Ian Allinson

Personal information
- Full name: Ian James Robert Allinson
- Date of birth: 1 October 1957 (age 68)
- Place of birth: Hitchin, England
- Height: 5 ft 10 in (1.78 m)
- Position: Winger

Youth career
- 1974–1975: Colchester United

Senior career*
- Years: Team / Apps / (Gls)
- 1975–1983: Colchester United / 308 / (69)
- 1983–1987: Arsenal / 83 / (16)
- 1987: Stoke City / 9 / (0)
- 1987–1988: Luton Town / 32 / (3)
- 1988–1989: Colchester United / 38 / (10)
- 1989–1992: Baldock Town
- Total:  / 470 / (98)

Managerial career
- 1989–1992: Baldock Town
- 1992–1994: Stotfold
- 1994: Corby Town
- 1994–1998: Stotfold
- 1999–2000: Barton Rovers
- 2000–2001: Harlow Town
- 2001–2003: Barton Rovers
- 2004–2005: Boreham Wood
- 2005–2006: Stotfold
- 2006–2008: Stotfold
- 2008–2015: Boreham Wood
- 2016–2022: St Albans City

= Ian Allinson =

English footballer (born 1957)

Ian James Robert Allinson (born 1 October 1957) is an English football manager and former player.
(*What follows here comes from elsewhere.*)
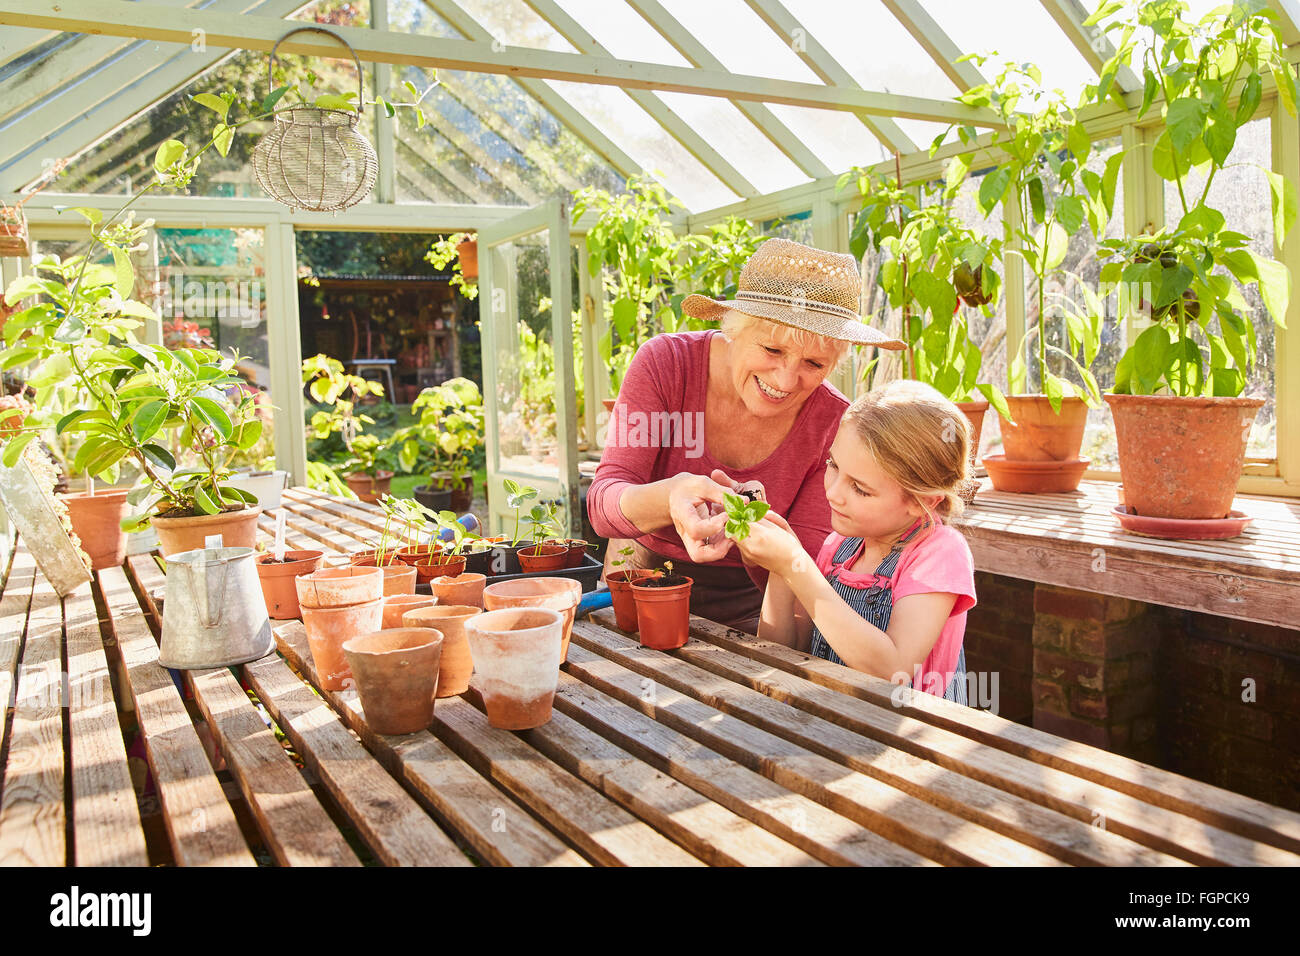 Grandmother and granddaughter potting plants in greenhouse Stock Photo

In his playing career, Allinson amassed over 300 league appearances for Colchester United in two spells, and played over 100 games in all competitions for Arsenal. He also appeared for Stoke City and Luton Town. During his managerial career, he has managed a number of non-league teams, including Baldock Town, Barton Rovers over two spells, Harlow Town, Stotfold, St Albans City over two spells and has had a previous stint with Boreham Wood.

==Playing career==
Born in Hitchin, Allinson began his career with Colchester United as an apprentice in the summer of 1974 and made his debut later in the season, coming on as a substitute for Jimmy Lindsay against Bobby Charlton's Preston North End on 19 April 1975. The match at Layer Road resulted in a 2–2 draw. After picking up the club's 'Young Player of the Year' award after his first season with the club, he was rewarded with his first professional contract in October 1975.
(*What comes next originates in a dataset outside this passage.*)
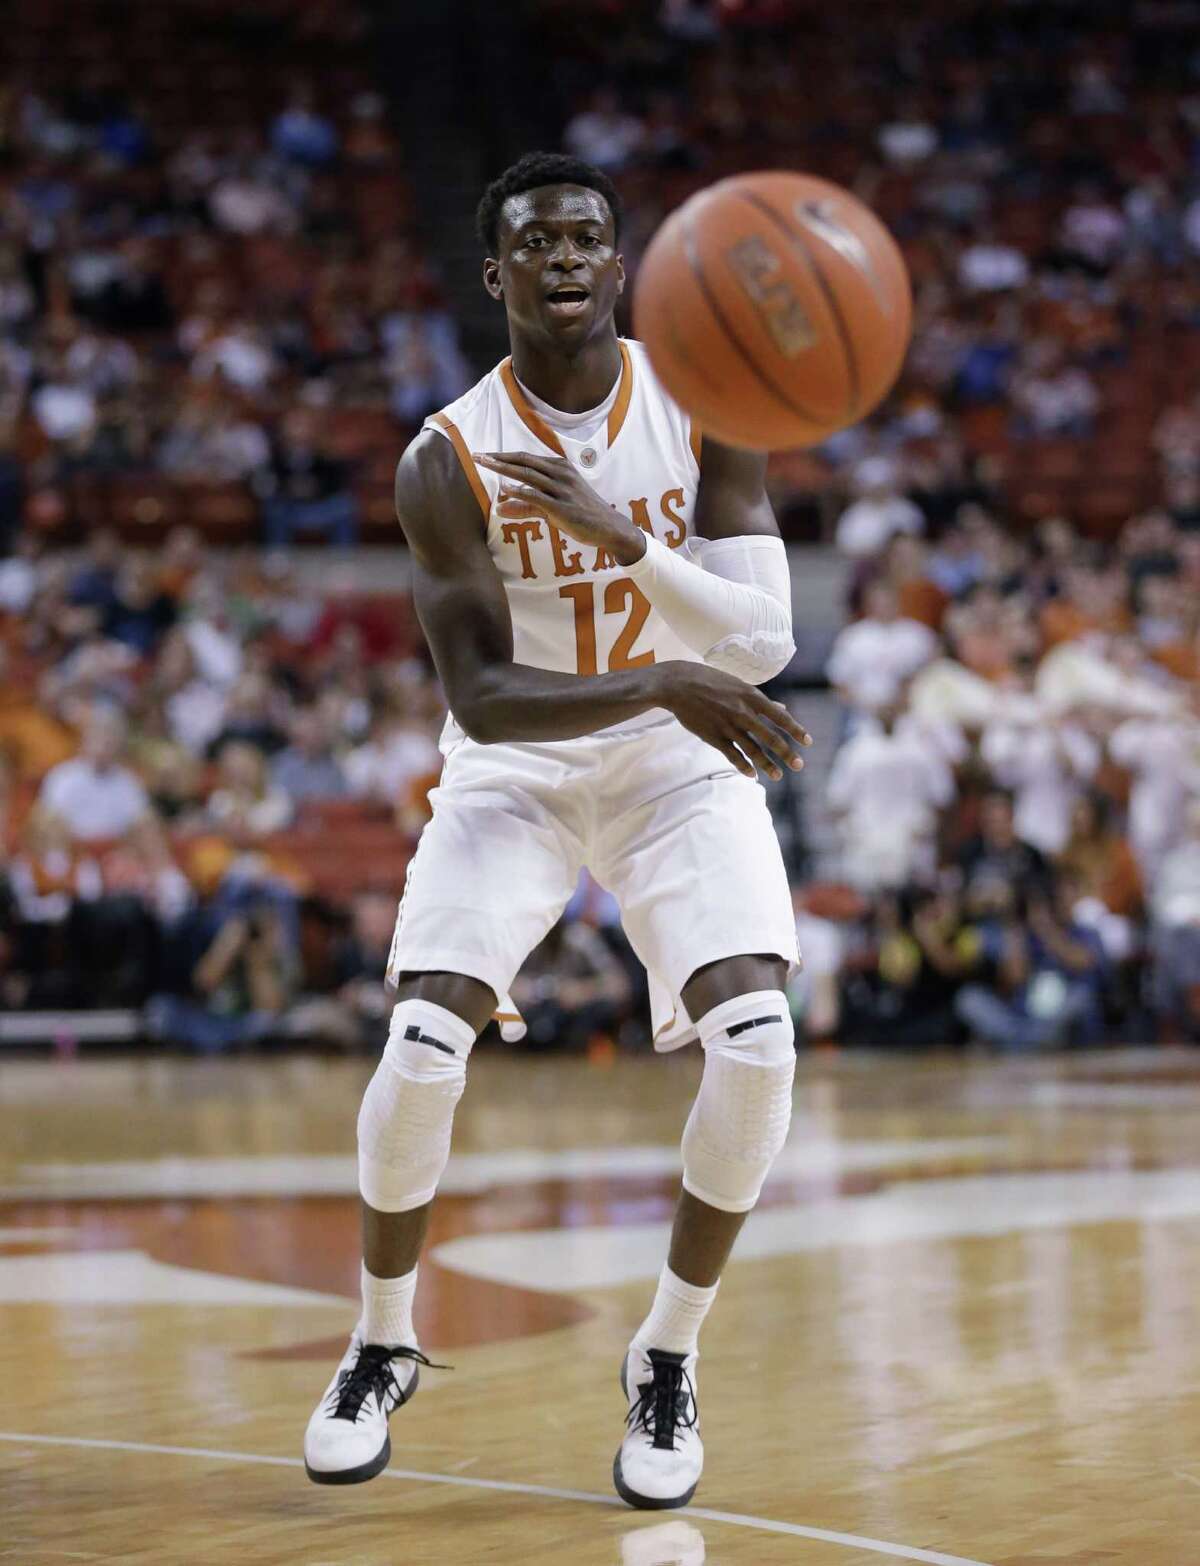 Myck Kabongo's 45 games at Texas didn't live up to expectations, but there is precedent for UT players' improving their stature in the NBA.

Allinson played a crucial role in Colchester's promotion winning side of the 1976–77 season, netting the winning goal in the final game of the season against Bradford City that secured a promotion slot. A consistent performer with the U's, it was not until the 1981–82 season that Allinson began to be noticed by the wider football world. Colchester boasted a powerful strike force of Roy McDonough, Kevin Bremner, Tony Adcock and Allinson, who scored 43 league goals in just two seasons. Allinson was valued in the region of £100,000 to Colchester, but an administration error cost the club dearly when his future benefits and bonuses were erroneously entered as less than his previous contract, entitling the player to a free-transfer. Fulham were the club most likely to sign Allinson, before a late bid from Arsenal was placed, joining them in the summer of 1983.
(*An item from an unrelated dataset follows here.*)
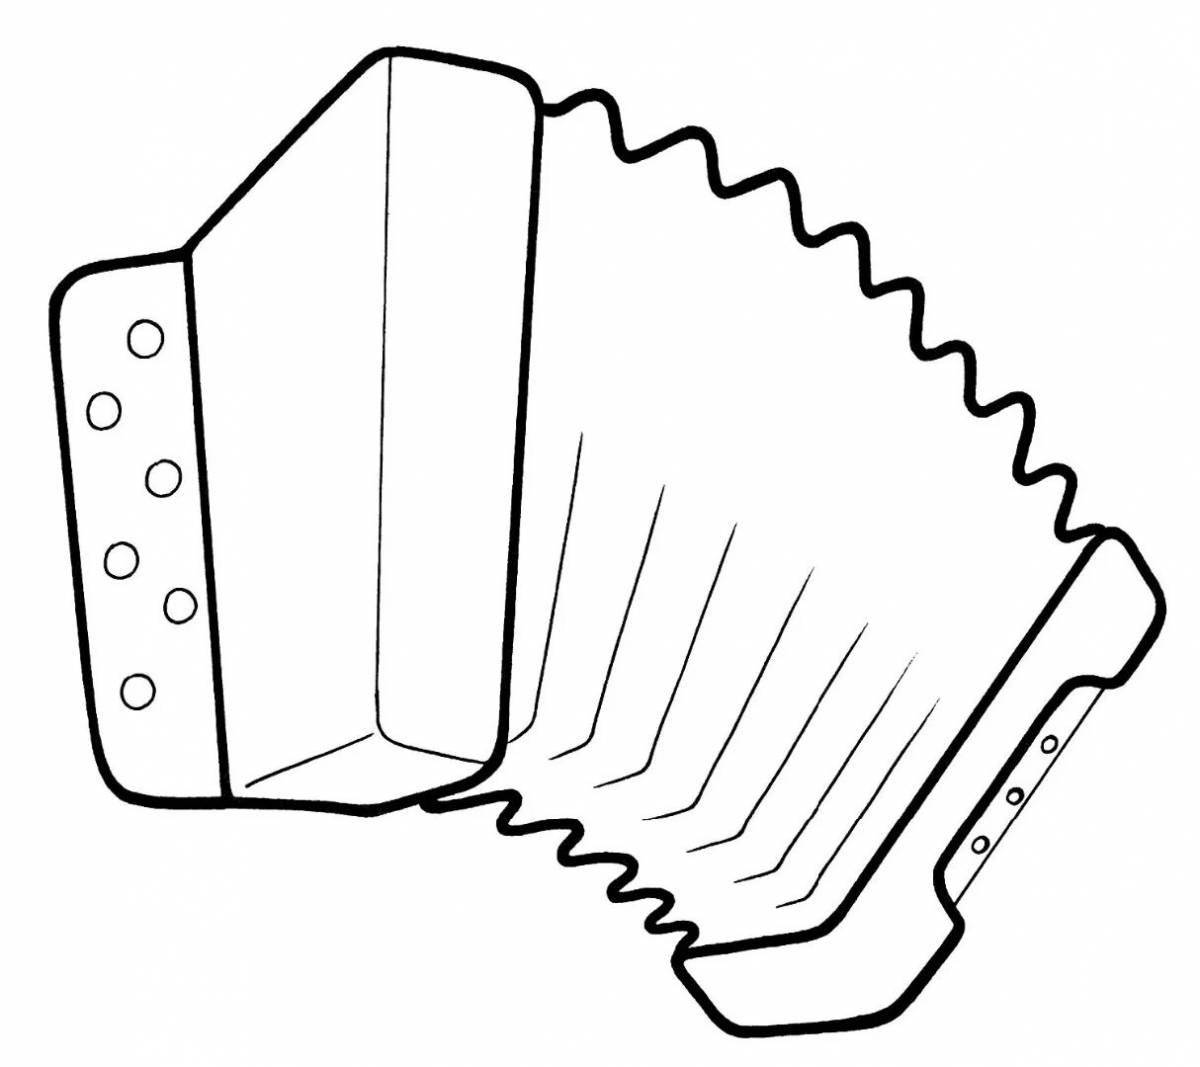 Exciting accordion coloring book for babies

Allinson's debut for Arsenal came in a shock League Cup defeat to Walsall on 29 November 1983, signalling the end of Terry Neill's tenure as manager of the club. He played 105 times in all competitions for Arsenal scoring 23 goals, and was influential during the League Cup semi-final game with local rivals Tottenham Hotspur on 4 March 1987, coming on as a substitute to score the goal to draw the sides level after 82 minutes, and then providing the assist for David Rocastle to score the winner. However, Allinson was left out of the squad for the final, in which Arsenal defeated Liverpool.

Having only made 14 appearances for Arsenal in the 1986–87 season, Allinson joined Second Division club Stoke City, but only made nine appearances for the team before signing for Luton Town for a £10,000 fee in October 1987. He scored three goals in 32 league games for Luton, before rejoining Colchester United in December 1988 on a free transfer. He had helped Luton to the FA Cup semi-final and the Full Members Cup final in 1988 prior to his Colchester return.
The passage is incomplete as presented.